### Dataset content
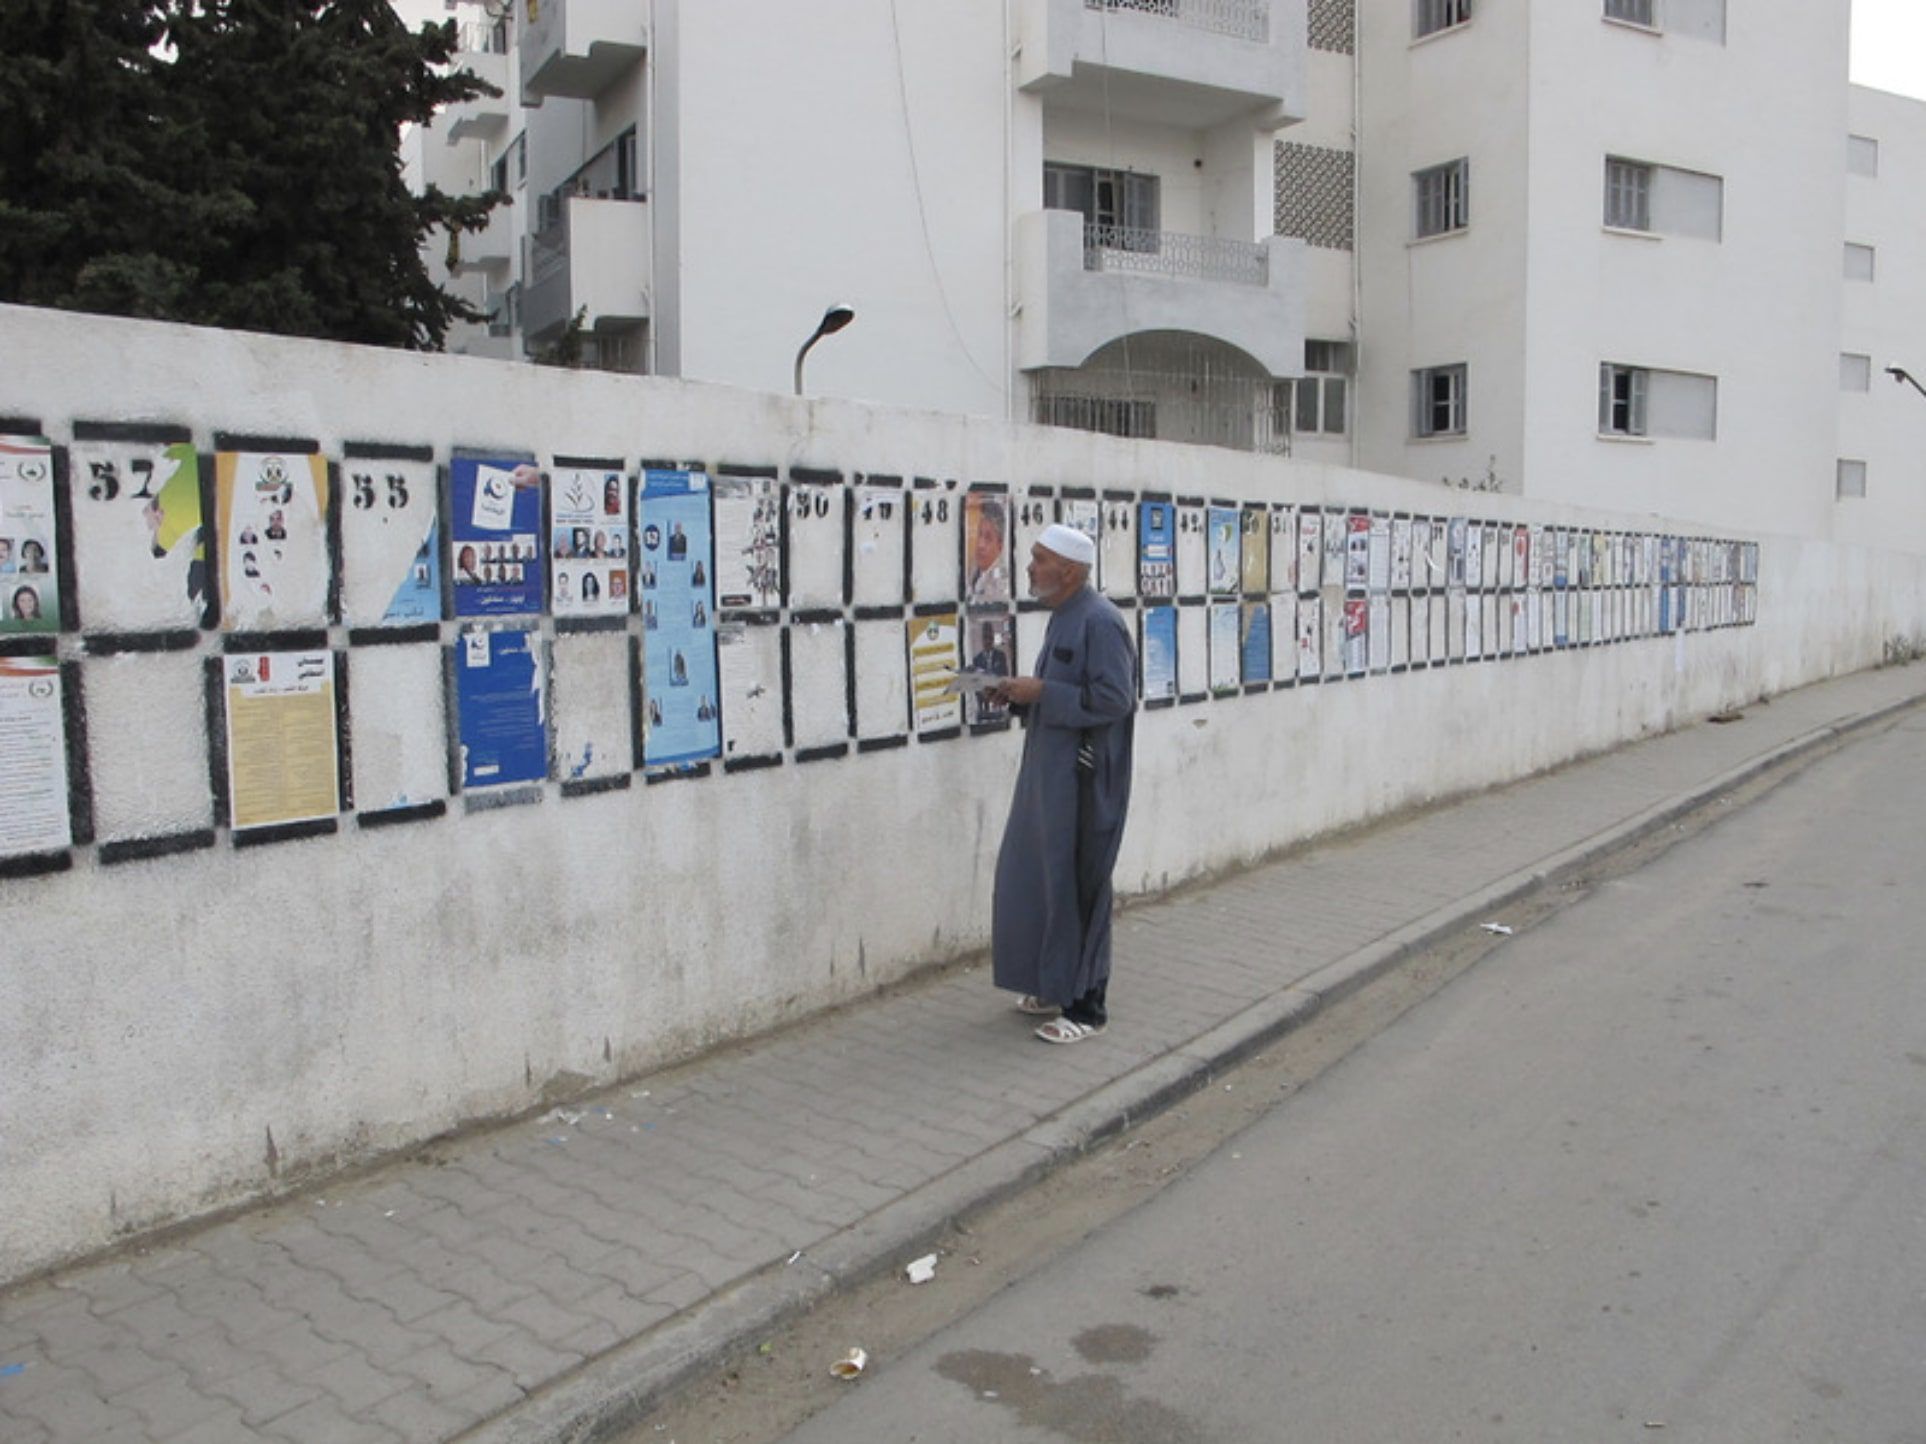 Middle Eastern man reads posters on a wall
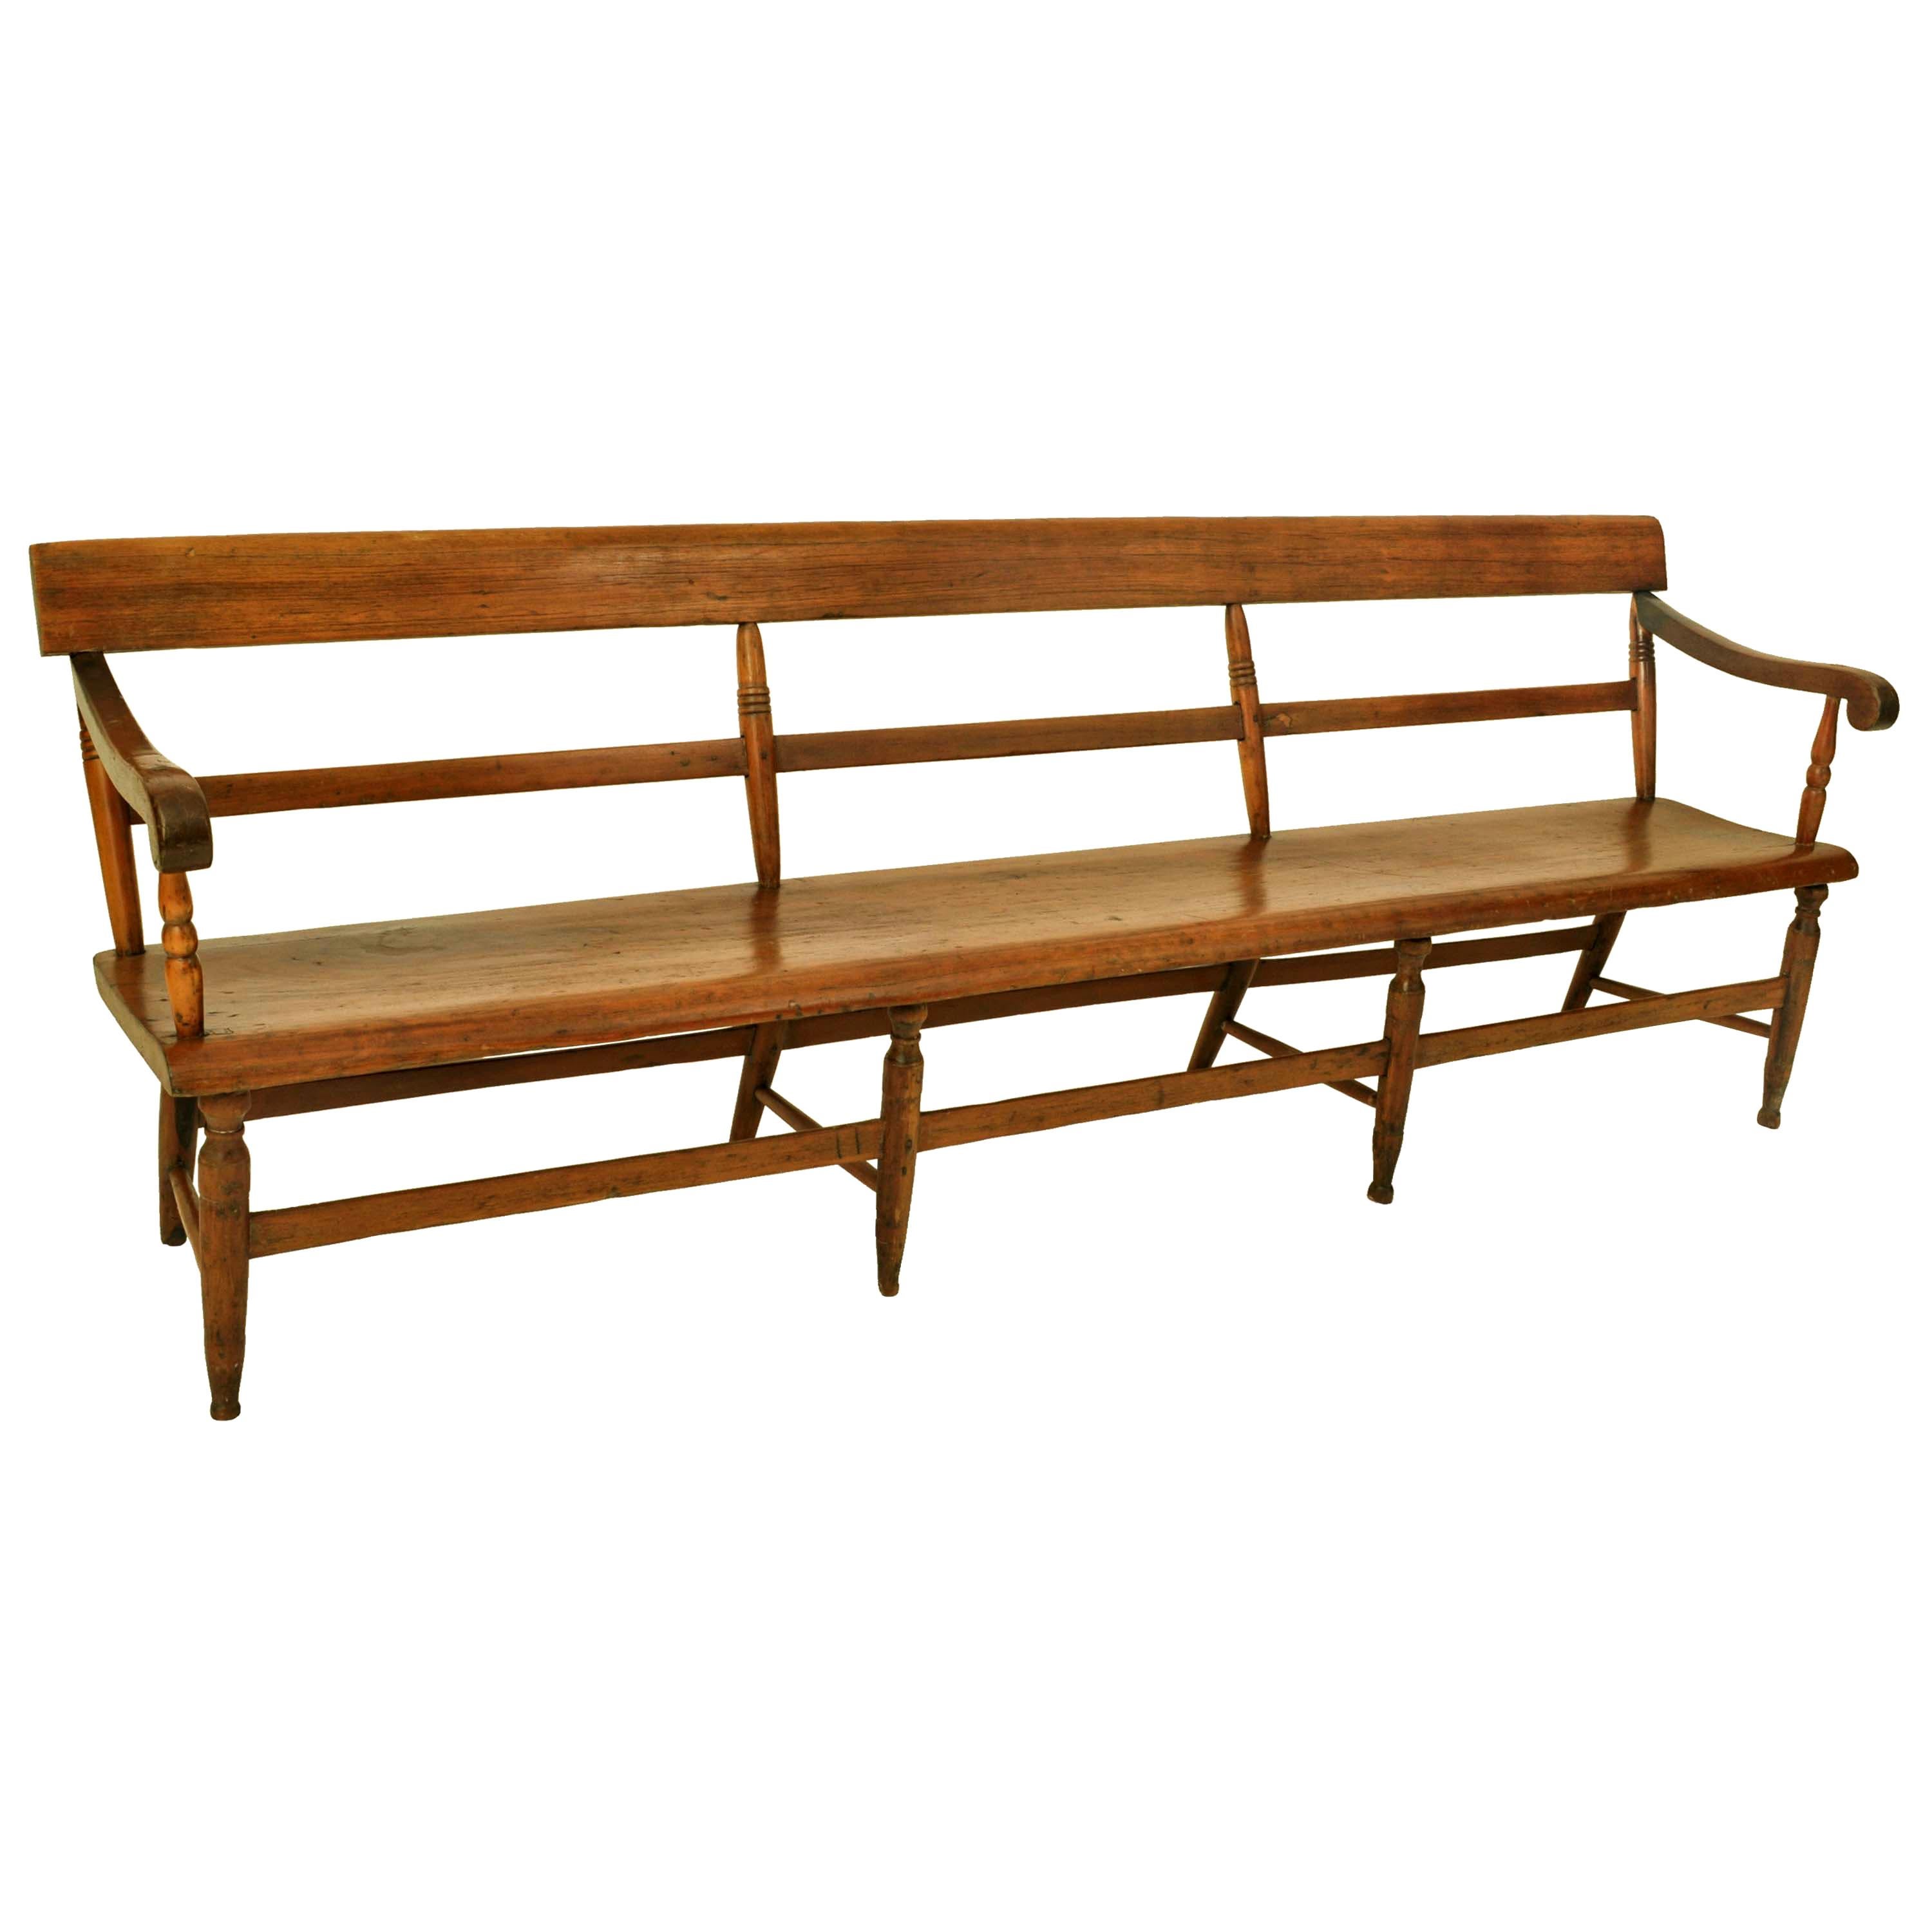 A good antique American Federal period cherry bench/settee, New England, Circa 1820.
The bench having simple turned spindles to the back and a planked backrest, the bench having scrolled arms and a shaped single plank seat. The bench is raised on
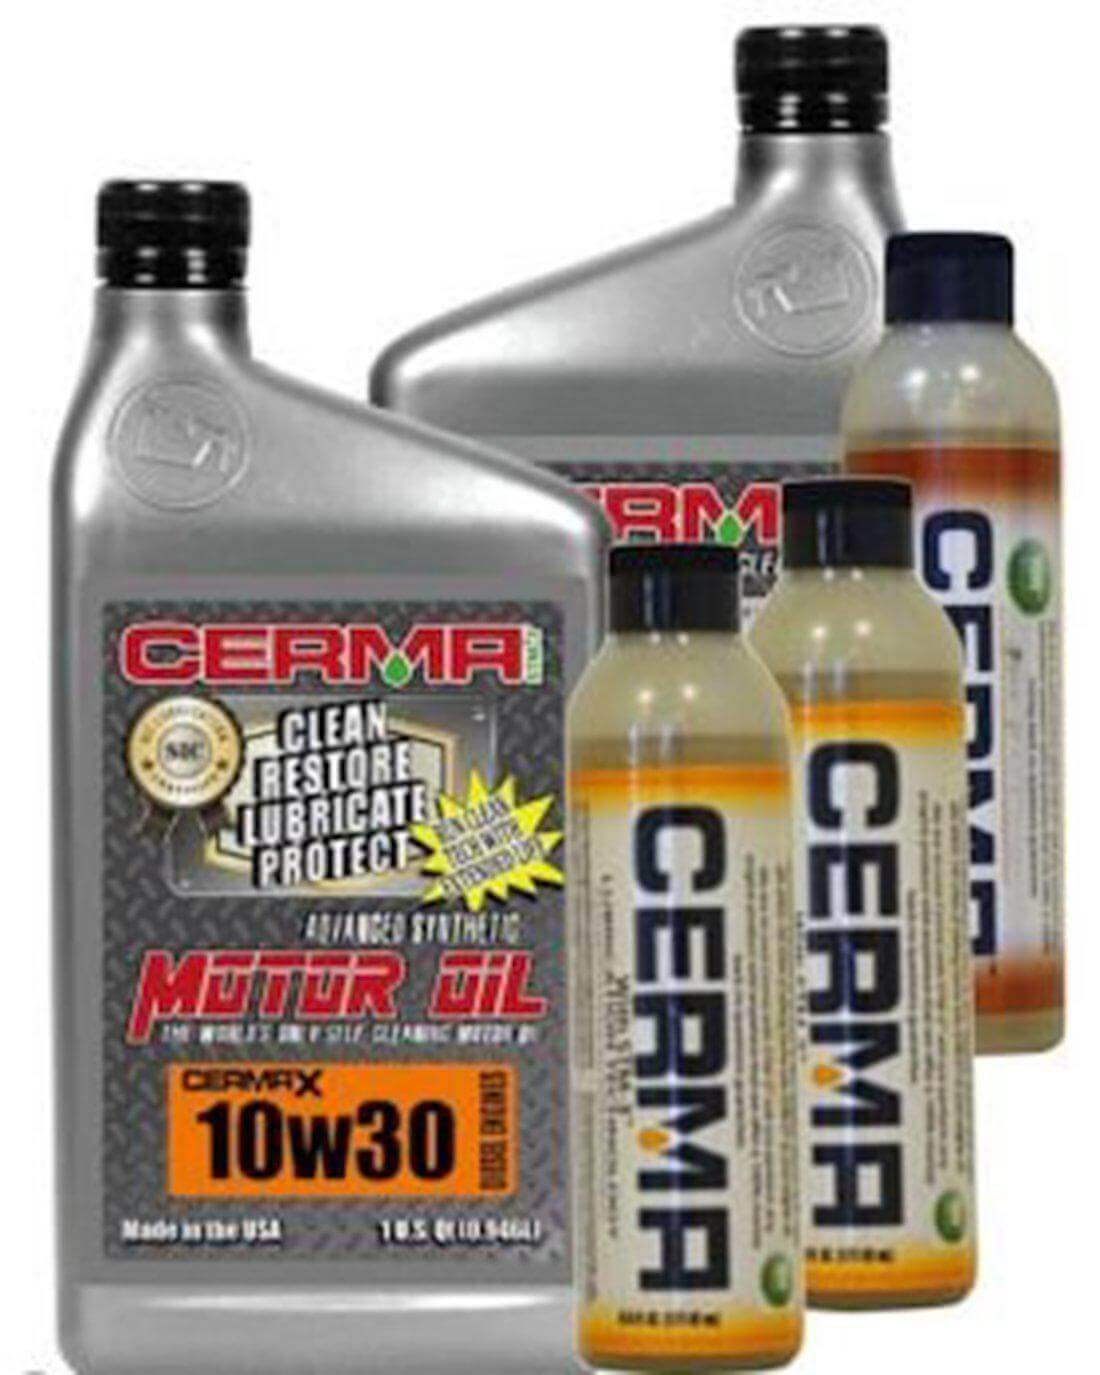 Cermax Diesel Ceramic Synthetic Oil Value Package for Semi Truck Engines at $942.91 only from cermatreatment.com

### Task to carry out
Print exactly, and only, the lines from the one with "A good antique" through the last line of the listing above. No pictures belong in the copy.

### Worked solution
 A good antique American Federal period cherry bench/settee, New England, Circa 1820.
The bench having simple turned spindles to the back and a planked backrest, the bench having scrolled arms and a shaped single plank seat. The bench is raised on
 Cermax Diesel Ceramic Synthetic Oil Value Package for Semi Truck Engines at $942.91 only from cermatreatment.com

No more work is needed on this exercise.